Data provided:
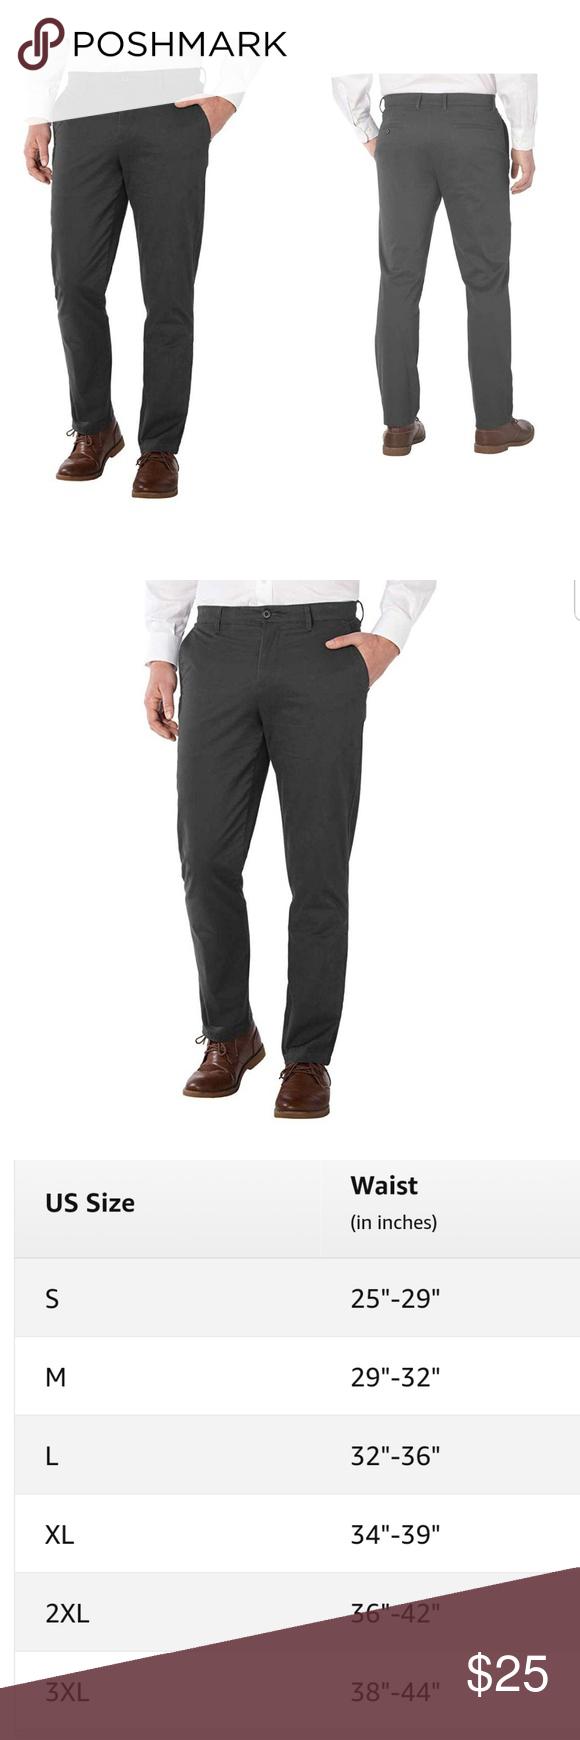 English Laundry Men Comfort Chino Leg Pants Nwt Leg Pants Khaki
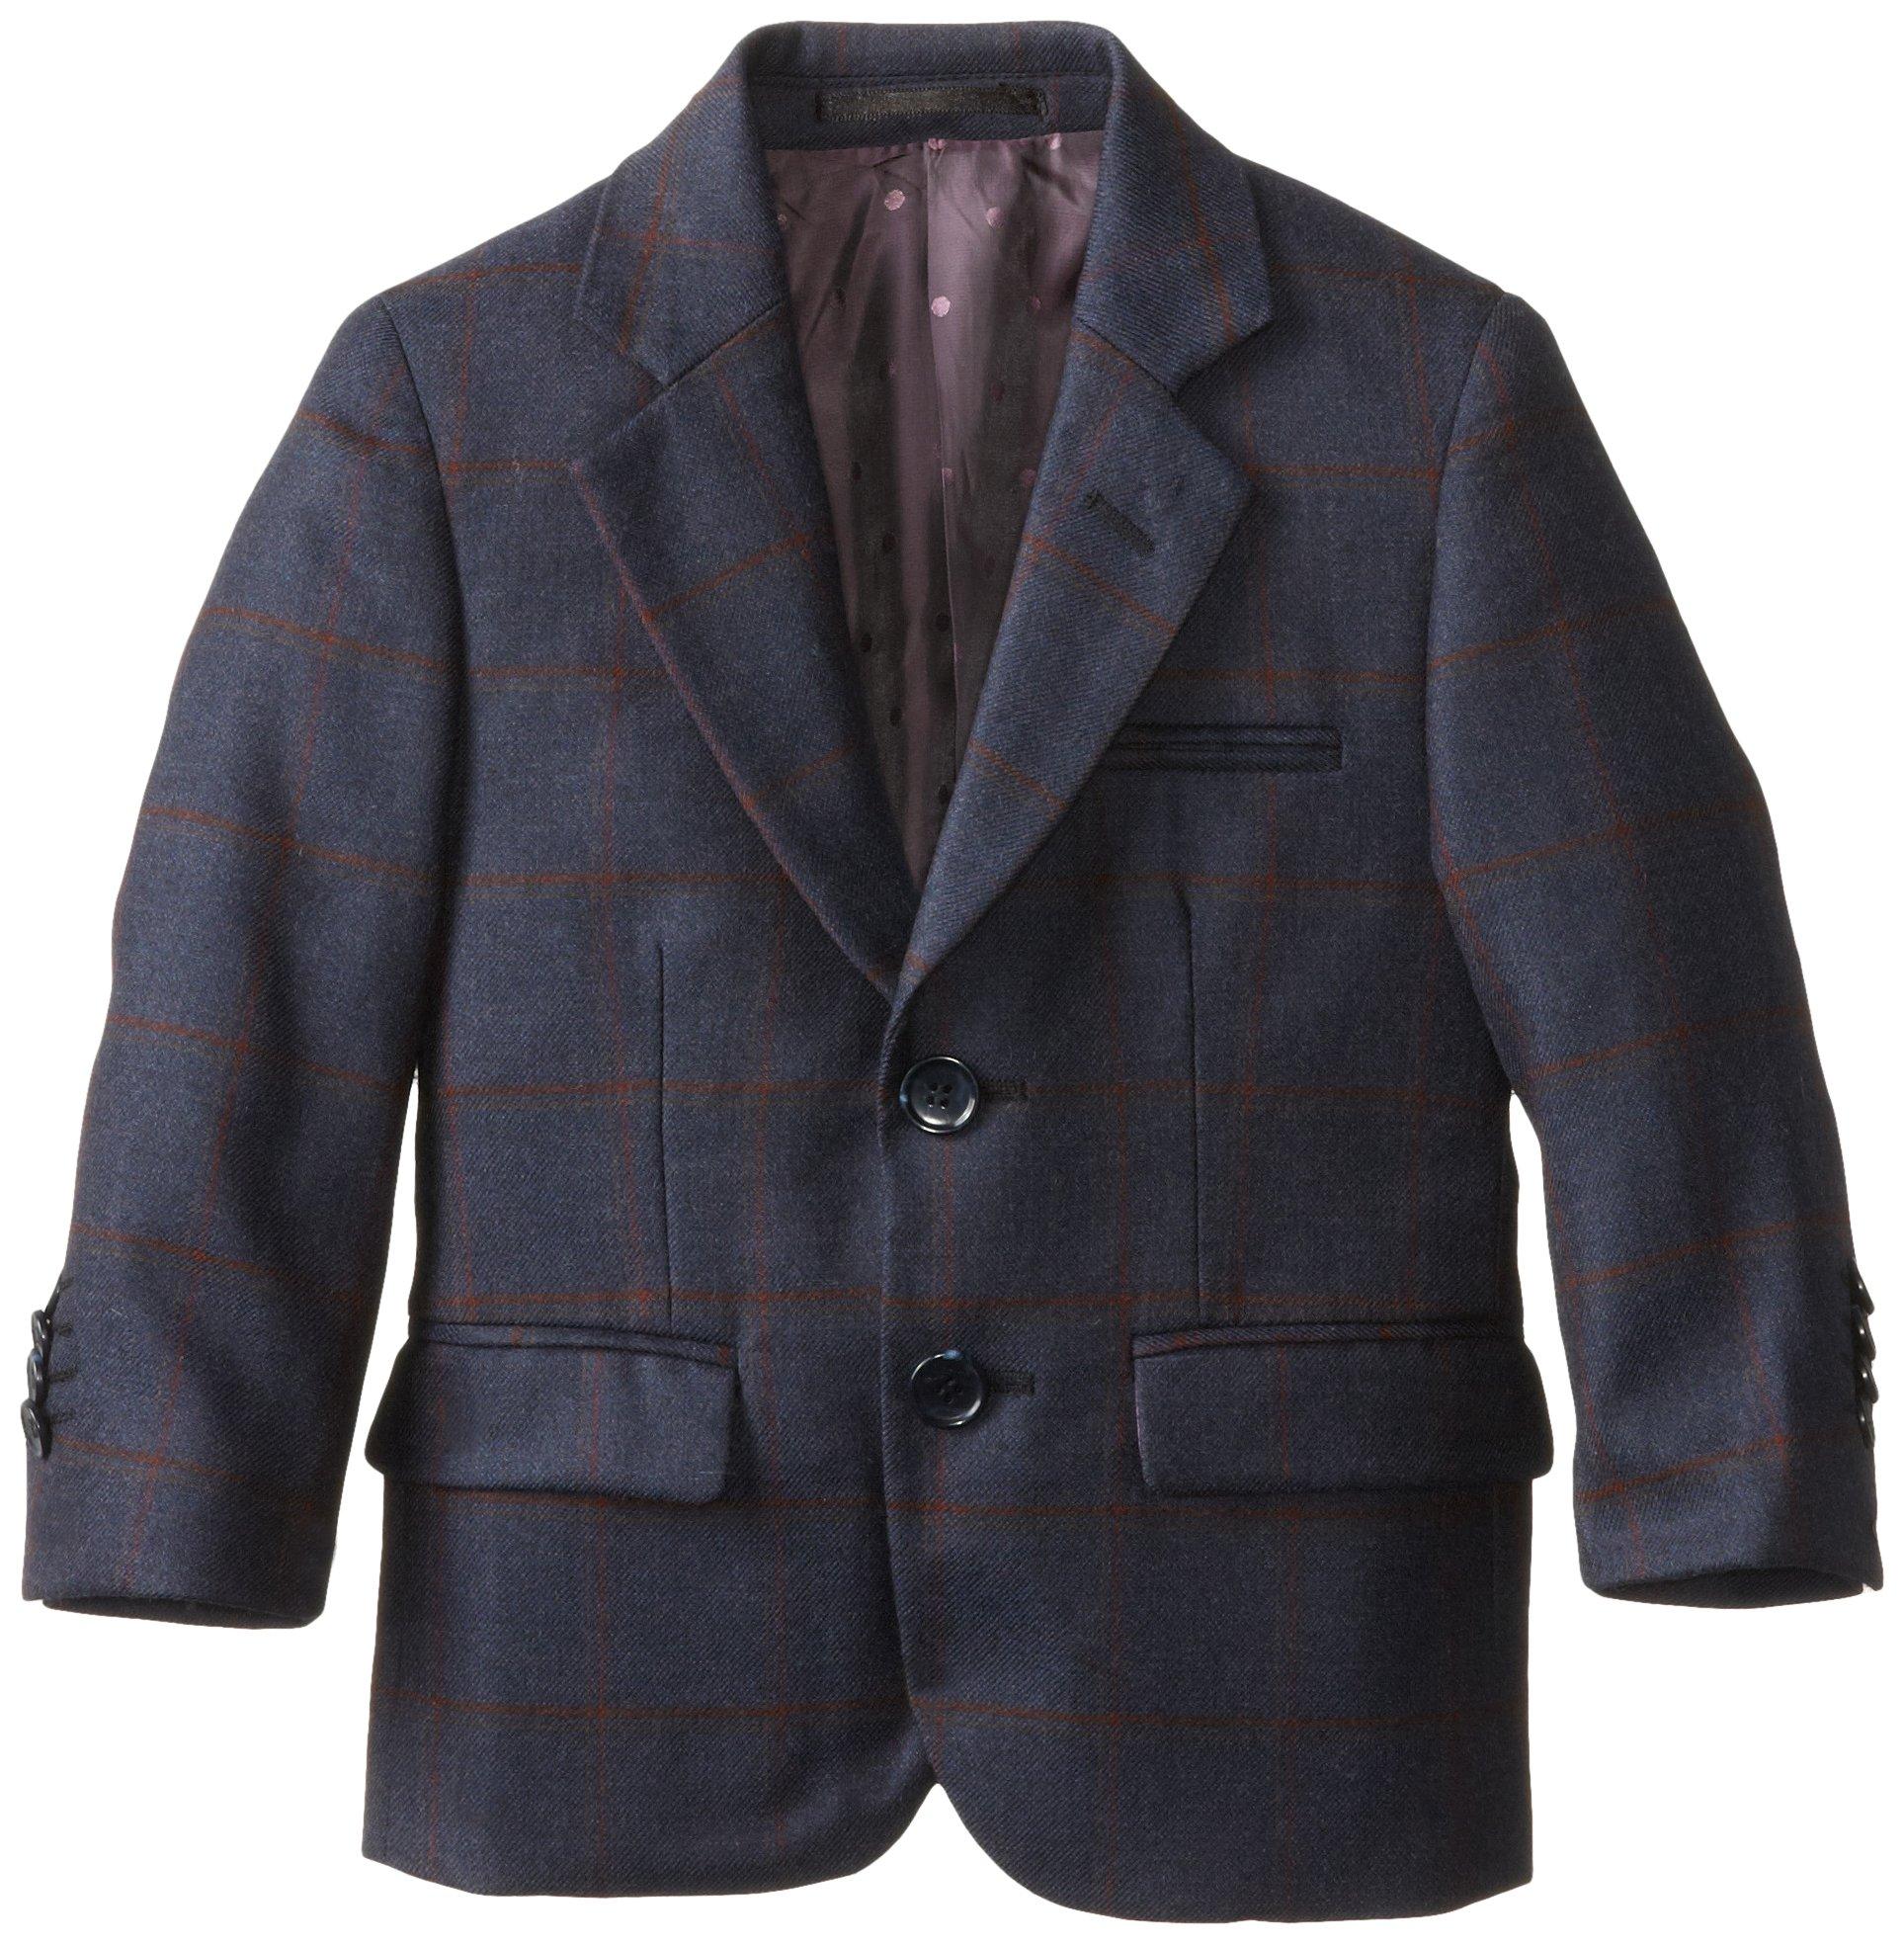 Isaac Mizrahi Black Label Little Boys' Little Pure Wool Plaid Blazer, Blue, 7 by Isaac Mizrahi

==

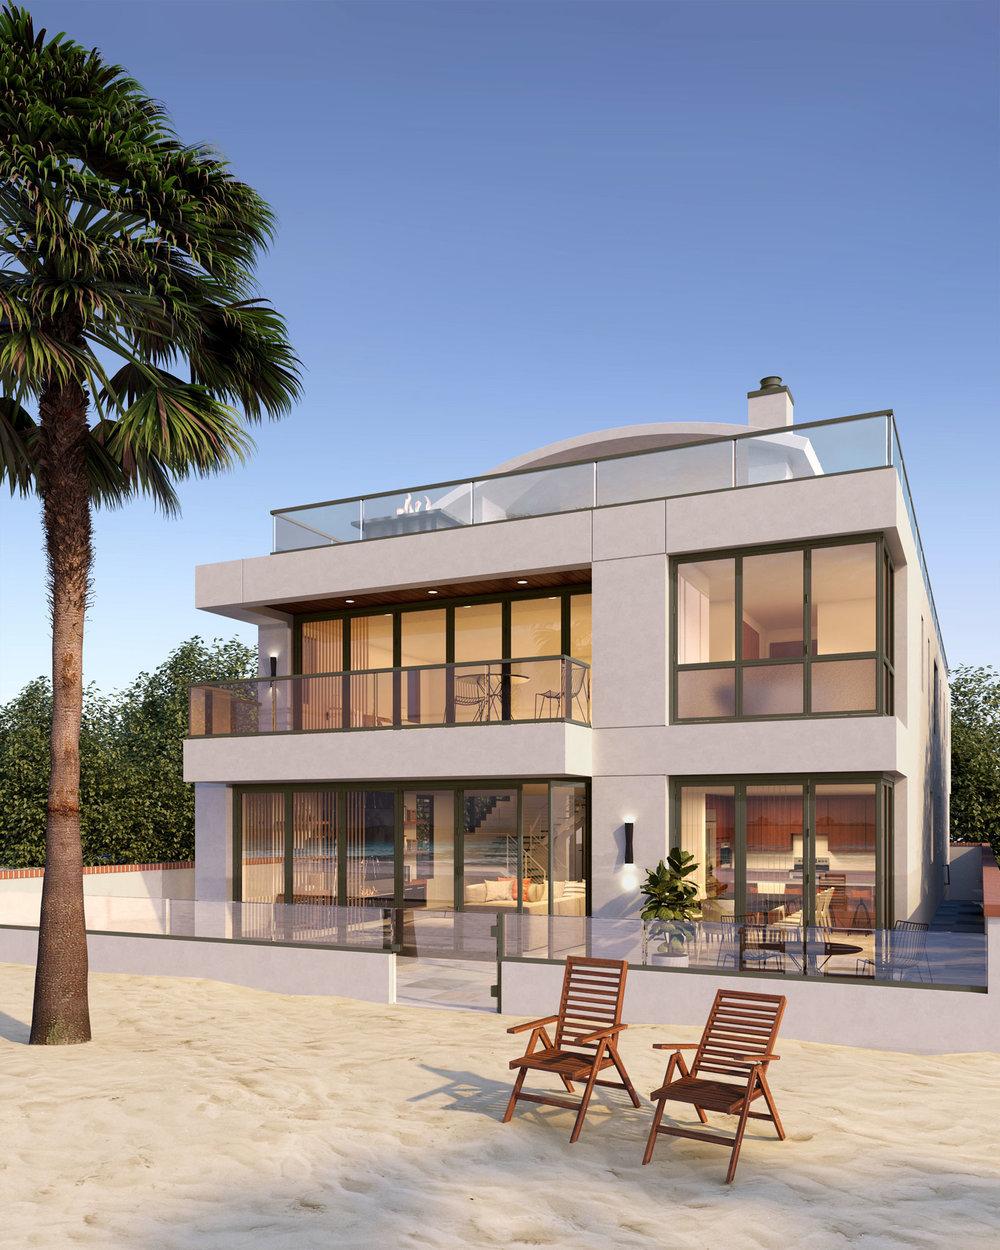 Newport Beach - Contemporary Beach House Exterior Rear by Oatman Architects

What you need to do: Using the listing above, reproduce word for word every line from the one containing "English Laundry Men" through the one containing "Isaac Mizrahi Black". Pictures must be left out.

The answer:
 English Laundry Men Comfort Chino Leg Pants Nwt Leg Pants Khaki
 Isaac Mizrahi Black Label Little Boys' Little Pure Wool Plaid Blazer, Blue, 7 by Isaac Mizrahi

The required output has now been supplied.